* TASK DETAILS *
Starting with the line that has "2 bedrooms Apartment" in the records below and stopping after the line that has "niño comiendo papas", output every line exactly and nothing else; skip pictures.

* PROVIDED ENTRIES *
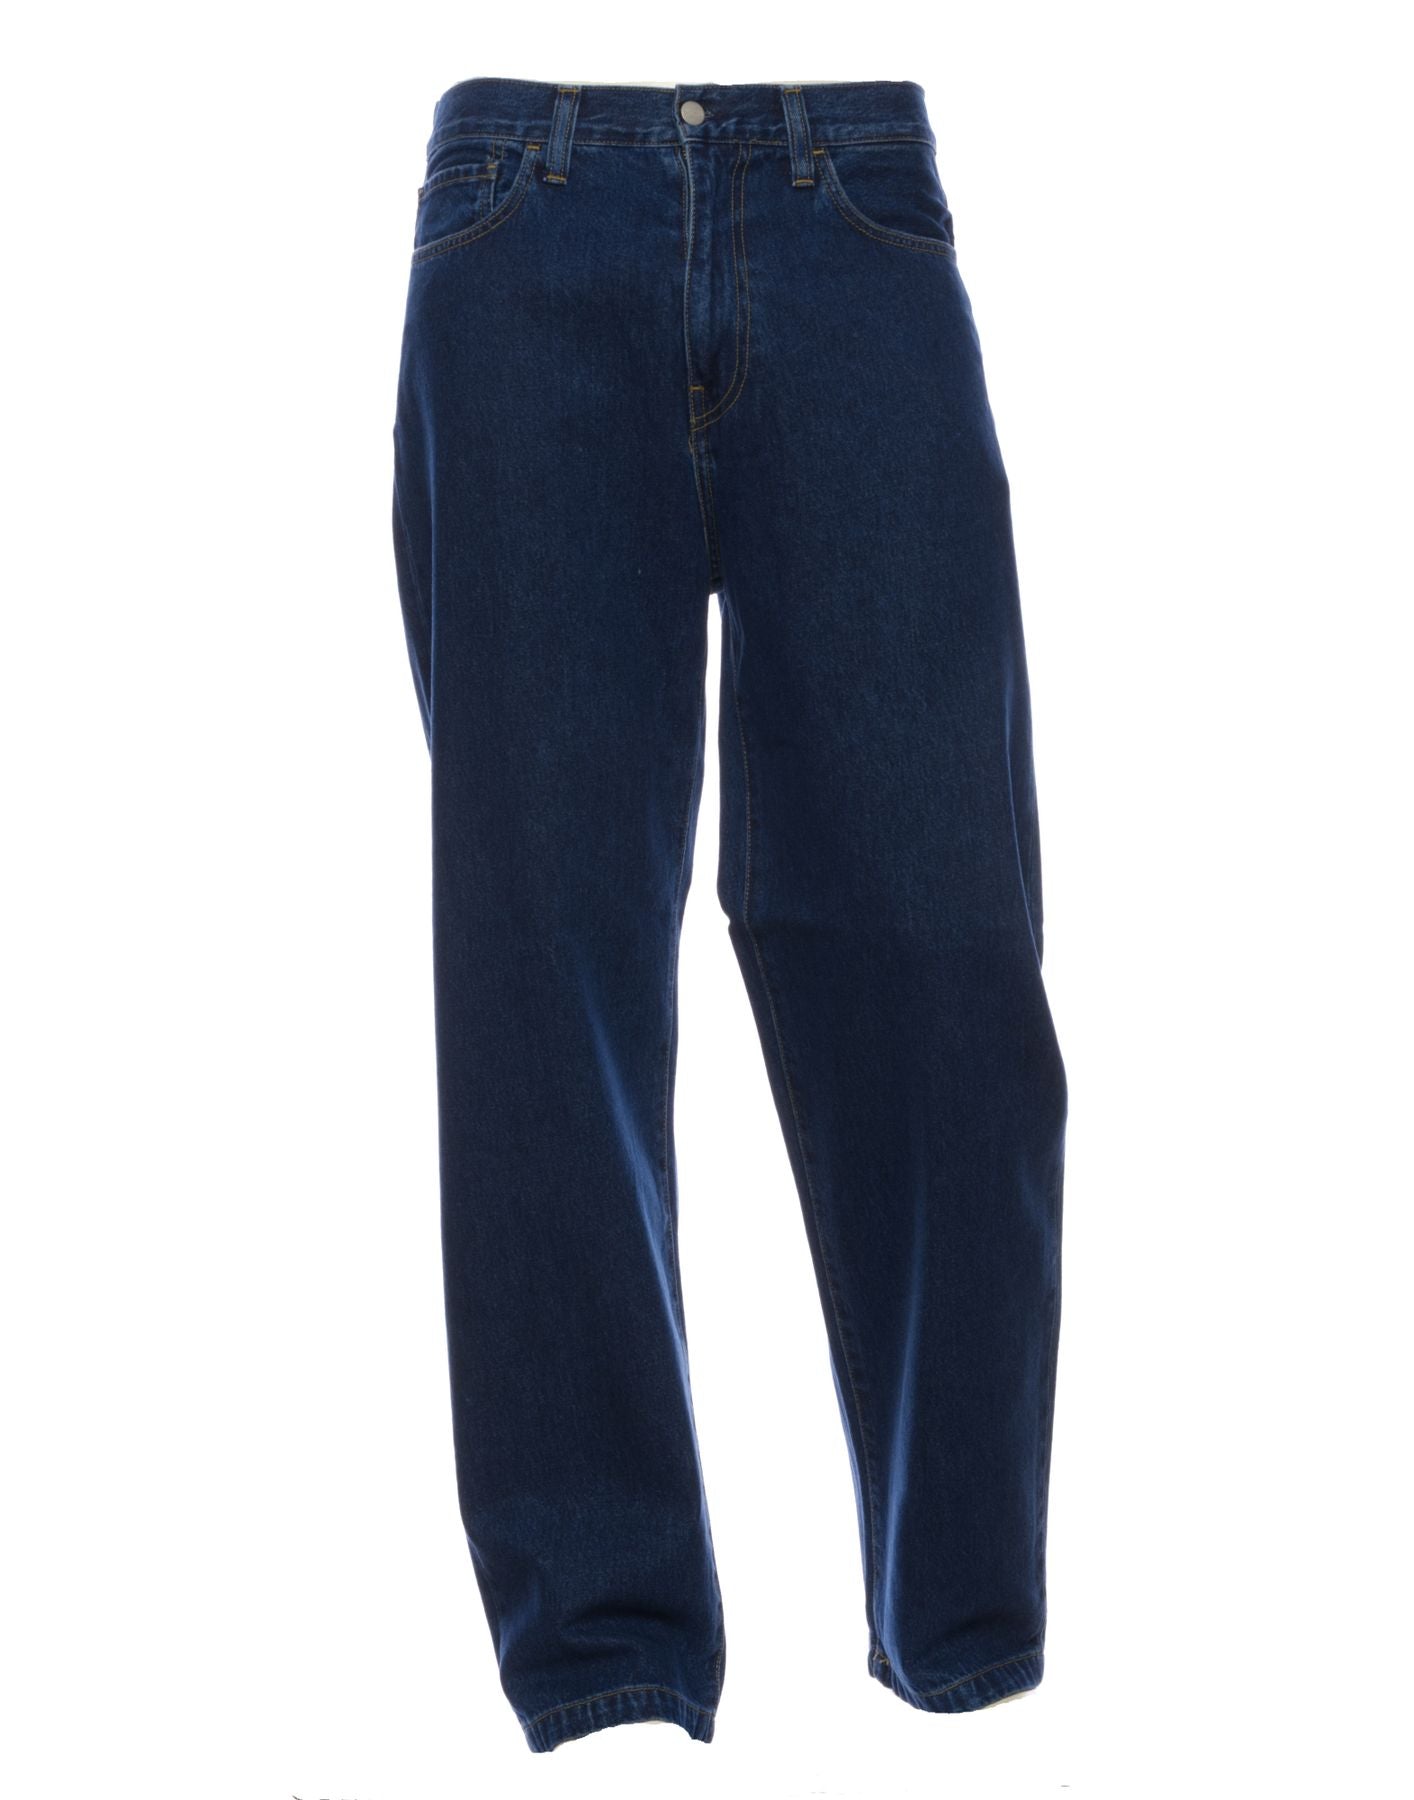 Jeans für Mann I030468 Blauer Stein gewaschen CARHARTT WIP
* * *
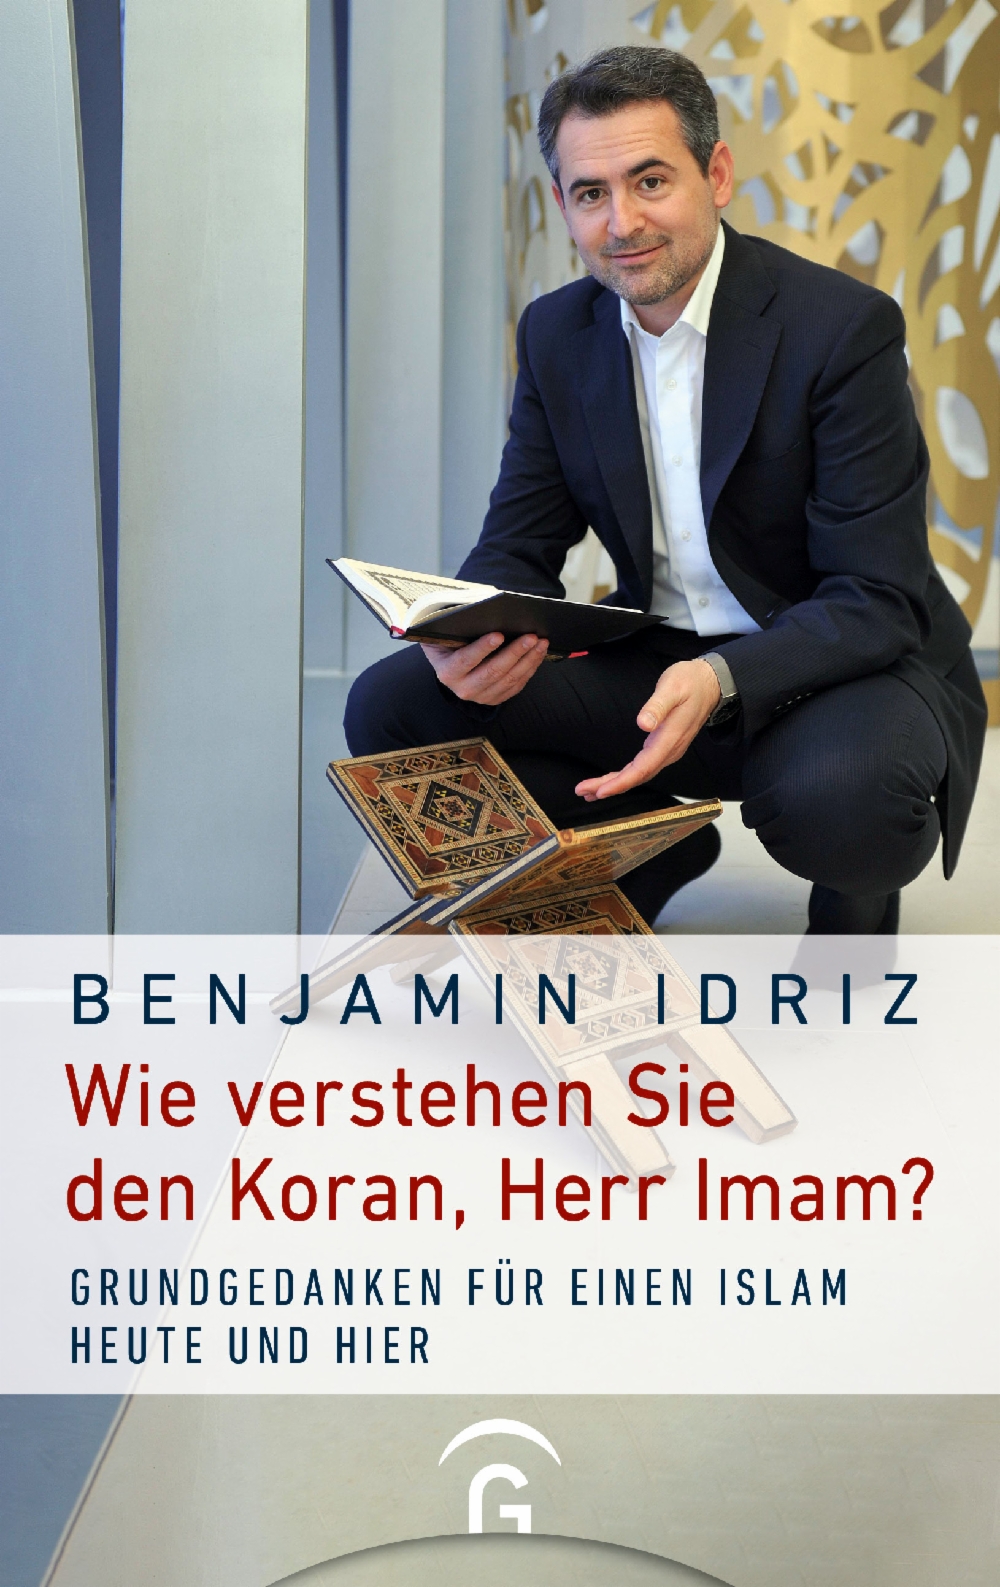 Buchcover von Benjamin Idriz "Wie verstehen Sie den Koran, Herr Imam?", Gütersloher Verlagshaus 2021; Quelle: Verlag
---
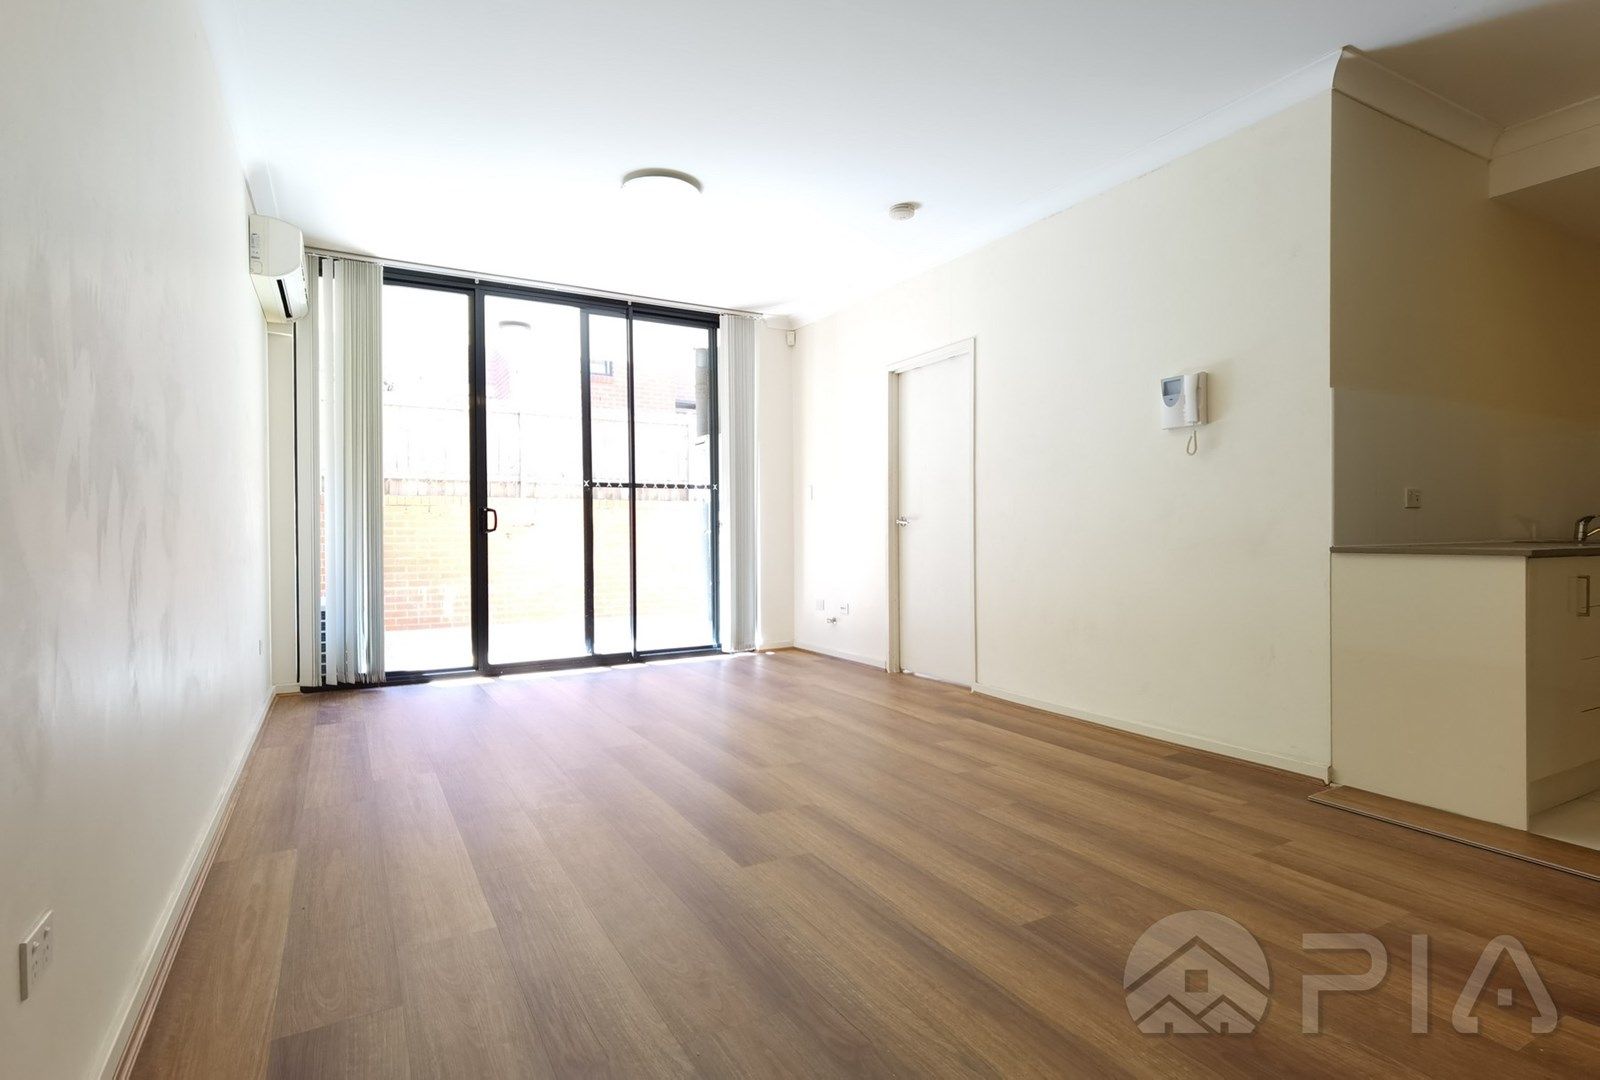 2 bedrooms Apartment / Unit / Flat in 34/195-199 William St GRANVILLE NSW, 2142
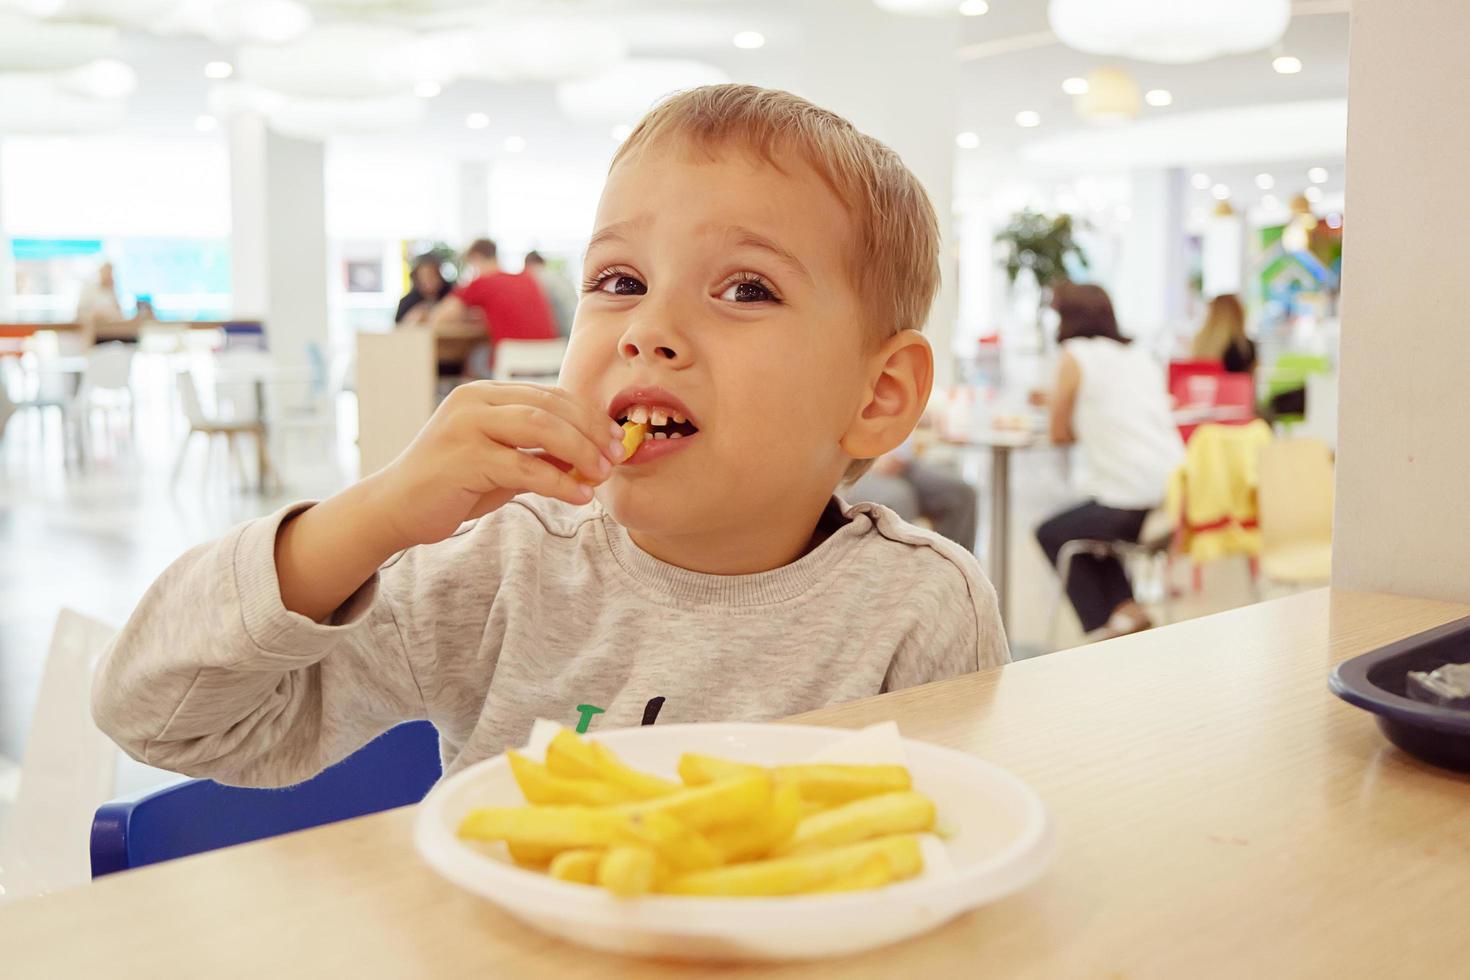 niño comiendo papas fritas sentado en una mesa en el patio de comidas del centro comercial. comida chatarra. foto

* SOLUTION FOR THIS PROBLEM *
 2 bedrooms Apartment / Unit / Flat in 34/195-199 William St GRANVILLE NSW, 2142
 niño comiendo papas fritas sentado en una mesa en el patio de comidas del centro comercial. comida chatarra. foto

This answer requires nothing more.